Based on the period P1_out, we searched for a second period, which we call P2 for the moment. To attribute this period to a second spot, one has to achieve three tasks: 1) find a second period that is no harmonic of P1_out; 2) try to exclude as few spot periods as possible; and 3) try to dismiss all period artifacts that come from fitting a sine wave to the light curve and not a spot model. Therefore, P2 should hold the relations $\mathrm{0.01}\mathrm{\le }\frac{\mathrm{|}\mathit{P}{\mathrm{1}}_{\mathrm{out}}\mathrm{-}\mathit{P}\mathrm{2}\mathrm{|}}{\mathit{P}{\mathrm{1}}_{\mathrm{out}}}\mathrm{\le }{\mathit{\alpha }}_{\max }\mathit{,}$(4)with α_max = 1/3. The value α_max = 1/3 corresponds to the maximum α in our model. As mentioned above, a higher value near α_max ≈ 0.5 would yield ambiguous results for the DR. Imagine the two cases: 1) P1_out = 1,P2 = 0.5; and 2) P1_out = 1,P2 = 1.5. In both cases a second period would be selected, but would come from completely different origins. In case 1) the first harmonic of P = 1 would be misinterpreted as DR, whereas case 2) results from real spot configurations. We chose the value α_max = 1/3 because it excludes harmonics and covers a wide range for a second spot period. For example, in the extreme case of P1_out = 1, the harmonic at P2 = 1/2 is excluded, but we are unable to find a spot period longer than P = 1.33 although there might be spots with longer periods. The lower limit in relation (4) accounts for the fixed frequency resolution in the Lomb-Scargle periodograms (Sect. 3.1). If two spot periods differ by less than 1%, they cannot be resolved. Again, we might miss some spot periods lying closer together than 1% with our method.
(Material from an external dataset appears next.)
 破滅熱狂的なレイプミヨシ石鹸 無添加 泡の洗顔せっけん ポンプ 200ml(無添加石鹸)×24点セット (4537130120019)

When one or more periods were found that fit both criteria (compare Table 3), we chose that P2 associated to the period with the lowest row-index in the table of remaining² sine periods. This period is called P2_out. In 88 330 cases of our models we found a P2_out that fulfills these criteria. Again, P2_out was compared with all input periods, and the period closest to P2_out was called P2_in. When the closest input period picked was again P1_in, P2_out was discarded. Finally, we were left with 64 172 stars with two periods that belong to two different spots.
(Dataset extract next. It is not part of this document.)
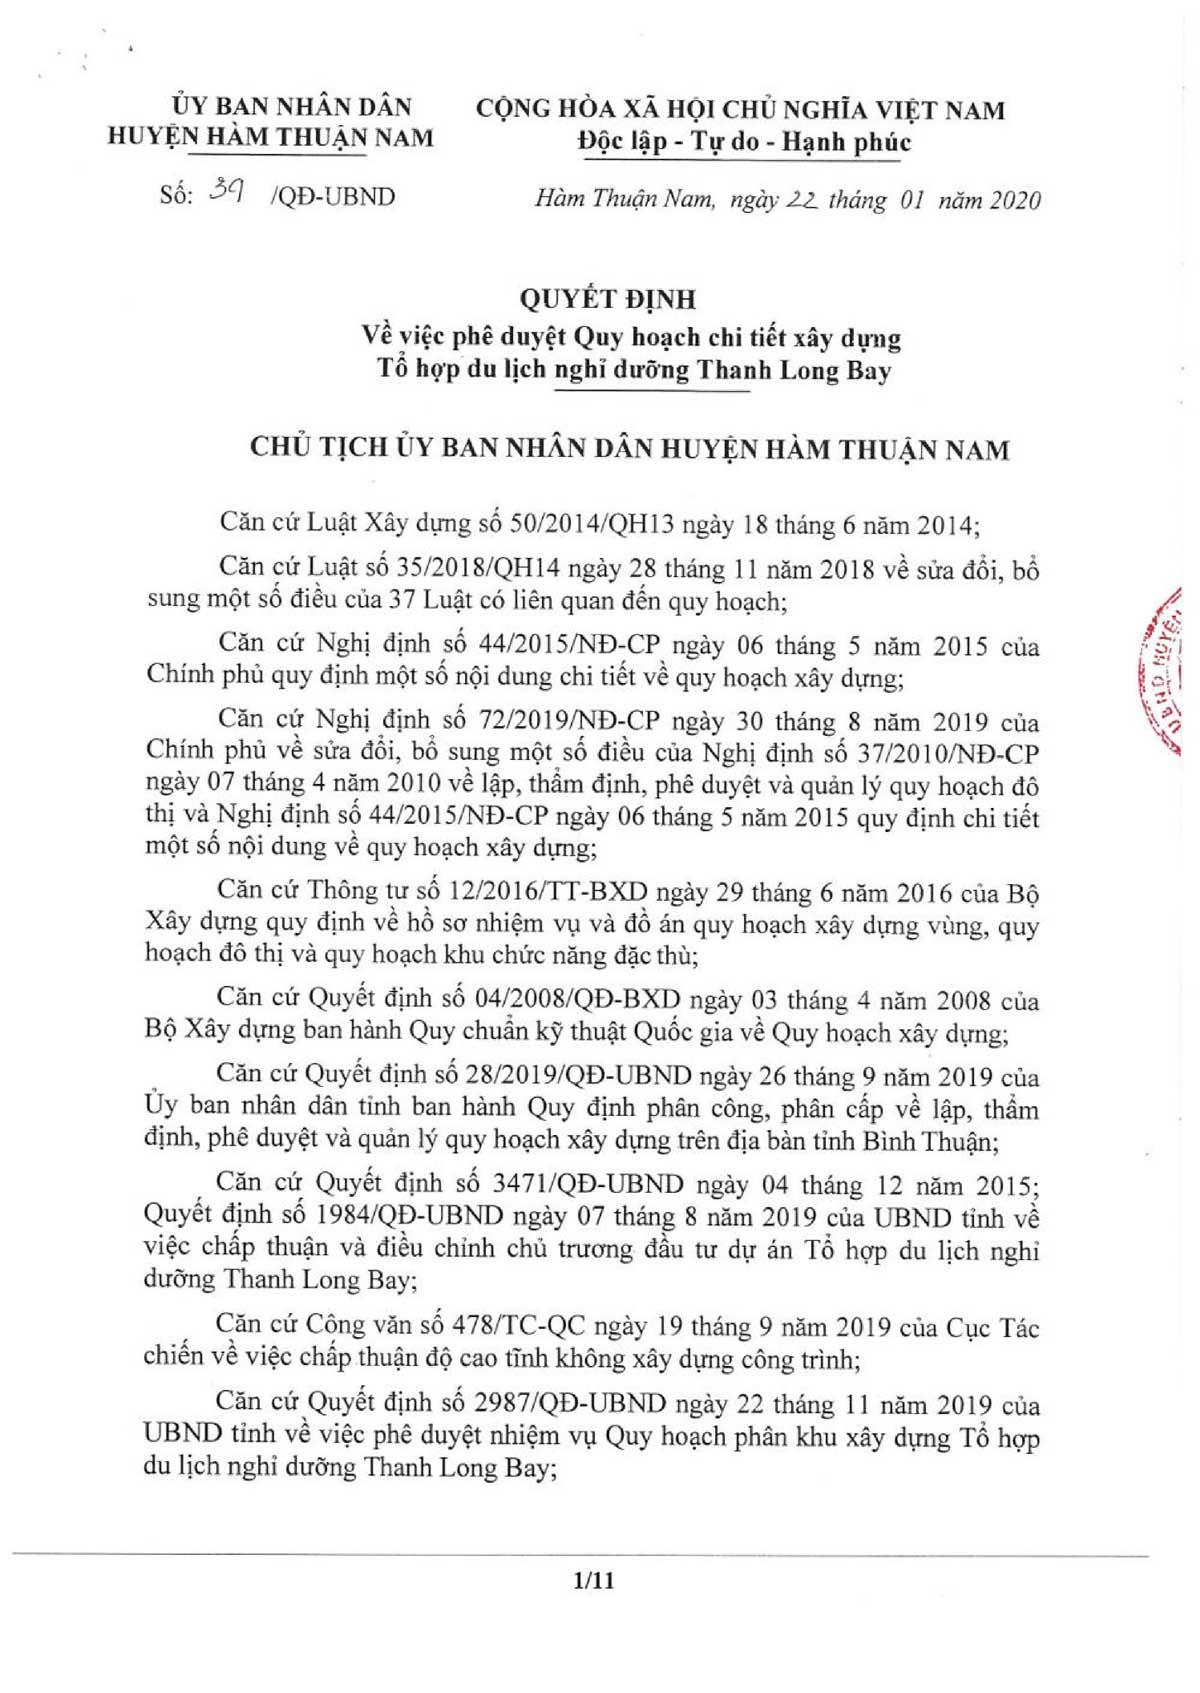 02. UBND 39 QD PHE DUYET QH CHI TIET XD TH DLND TLB 001 thanh long bay - Wyndham Coast By Thanh Long Bay

For our example light curve in Fig. 1, the periods P1_out = 1.016,P2_out = 1.184,P1_in = 1.018, and P2_in = 1.186 were selected from Table 3, resulting in α_in = 0.14 and α_out = 0.14. Although our method is able to recover the correct α_in value, the total equator-to-pole shear equals α = 0.30 in this case (compare Eq. (3)), and thus is underestimated by more than 50%. For this specific spot configuration it is impossible to obtain the correct α value since the highest spot latitude equals θ = 46.3°, generating the longest period. This is a general problem of DR measurements from photometric observations due to the initial spot configuration on the surface. The measured shear will always yield a lower value than the total one.

3.4. Sample properties

This section is meant to be a consistency check of our model and the selection algorithm. The stellar parameters (Table 1) of two mutually exclusive samples, S2 and S1, are compared. The S2 sample consists of all light curves with two detected periods (64.2%) that come from two distinct spots, whereas S1 contains all cases where only one spot period could be associated (32.0%). Because of a combination of a low number of spots, certain spot latitudes, and a low inclination in 3.8% of all cases no spot was visible.

The goal is to point out the stellar models where DR can likely be found, compared with the cases where detecting DR is challenging or even impossible with our method. For example, one would expect that it is easier to detect DR in a highly spotted star than in a star covered by only two close-in spots because it will probably be hard to resolve individual periods in the latter case.

In Fig. 2 we compare the inclination, number of spots, spot radii, and differential rotation α of the two samples. The S2 sample is shown in the left and the S1 sample in the right column. The colors correspond to the different noise levels: noise-free (green), 100 ppm (yellow), 1000 ppm (orange), and 10 000 ppm (red) Poisson noise.

Fig. 2 Comparison of basic stellar parameters for the two samples S2 and S1 for different noise cases: noise-free (green), 100 ppm (yellow), 1000 ppm (orange), and 10 000 ppm (red) Poisson noise. Left panel: stars with two spot periods (S2). Right panel: stars with only one spot period (S1).

Due to the small difference of detections for the noise-free (green) and the 100 ppm noise case (yellow), there is basically no difference visible in the histograms. All trends have similar shape and become more distinct at higher noise levels.

In the first row the inclination for both samples is plotted. We recall that the sin(i) of the whole sample has a flat distribution. Starting from the edge-on view (i = 90°), we see a continuous decrease (increase) of detections in the S2 (S1) sample. Around inclinations lower than i = 10°, the number of detections in S2 decreases significantly. The opposite effect applies to S1.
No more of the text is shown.